When my friend Kim Williams introduced me to Low in the late 1990’s, I would listen to the 1994 debut album ‘I Could Live in Hope’ on a cassette tape he’d made for me, in my apartment. These were difficult times for me - living alone with my young daughter back in Perth, Western Australia after a messy intercontinental break up. I would later wear that tape down in Giovanni Ferrario’s Volvo, driving around the streets on Etna, Sicily, when I was able to return.
This and the albums that followed completely shaped the band I had at that time, Gata Negra (1997-2004). I found Low albums at once dark and empowering, poetic, sparse, cold yet somehow extremely penetrable for me. Inspirational. The sparse lyrics, empty spaces, guitar colours, brushes. I wanted to be like them. I asked our drummer Pete Guazzelli to get the bass drum up off the ground, and reduce the kit size. I copied the over the top reverb on the early albums in the production of the Gata Negra albums. As a classically trained musician, I loved how in tune the vocal harmonies were. Gata Negra band member Tim Evans pointed out to me once that this quality was likely linked to thier Mormon faith. Their Perth show at the Perth Festival in the early 2000’s was the first time I bravely went backstage with the courage to hand over the recent Gata Negra CD, ‘Saint Dymphnae’. It was a kind of homage, they would know, I thought. Alan was kind enough to write me his kind thoughts on the album later, he knew.
I loved how more involved Parker became on the albums as the years went on - as a voice in singing and writing, as well as drums that were much more than that. Her percussion playing didn’t keep the beat, it caressed it. It was an orchestral way of playing, not a drumming method. Parker’s playing made, and filled, space at what seemed magically the right times. Her voice was at once fragile and grounded - something not many singers have been able to pull off.
Each new Low album was a special moment, something new, unexpected, yet familiar. My journey with them has been an intensley personal one, with the albums ‘Long Division’ [1995] and ‘The Curtain Hits The Cast’ [1996] the soundtracks to the birth of my second child. The midwife thought they were sad, she didn’t understand at all. I loved the songs they wrote about their own children, especially Parker’s ‘In Metal’ [Things We Lost in the Fire (2001)], where you can hear one of her babies on the recording, like I had done with my daughter on the album, ‘Cage of Stars’ [1998]. This song was loving and dark at the same time: perfect. Then there was the humour - that also appealed to me, like in ‘Canada’ [from ‘Trust’(2002)]. My son (maybe 12 at the time?) loved ‘Plastic Cup’ [The Invisible Way (2012)] when we drove in the car together. There was something at once past regal and real now about that song, I understood why that was the one.

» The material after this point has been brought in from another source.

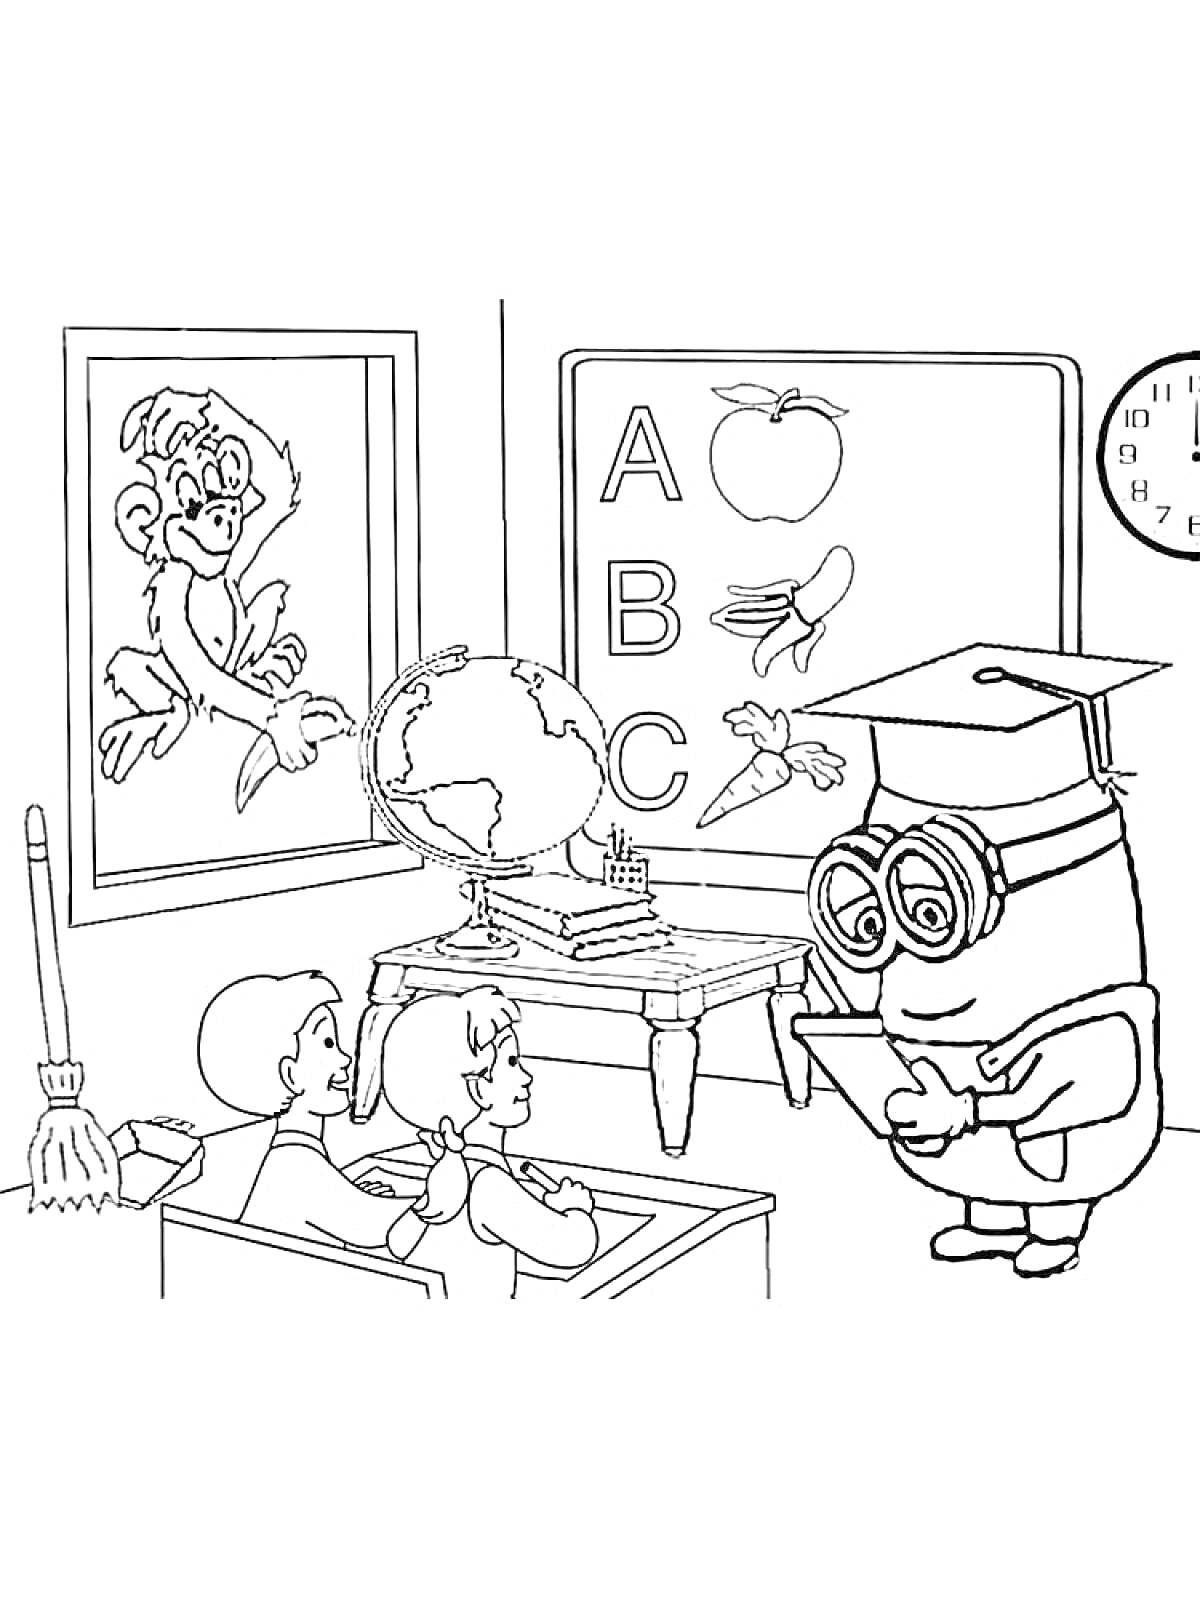 Раскраска Урок в классе с учениками, учителем-миньоном, доской с алфавитом и картинками, глобусом, книгами и плакатом с обезьяной

I eventually got brave enough to do Low covers - a solo voice and bass rendition of the track ‘Murderer’ [Drums and Guns, (2007)] at an obscure solo gig in Mojos. Fremantle - I can’t remember when. This was followed by my new music group Decibel doing a cover of ‘Do You Know How to Waltz?’ [ The Curtain Hits the Cast] with a string section in 2012, in an arrangement I made with Stuart James. I loved the long, long “endings” of these songs, and other ones like it, such as ‘Born By the Wires’ [Songs For A Dead Pilot (1997)], where the opening sounds of the other Low member and husband of Mimi Parker, Alan Sparhawk, sounds like Parker herself is singing. They are intertwined, of course.
My deepest condolences to Alan and their family.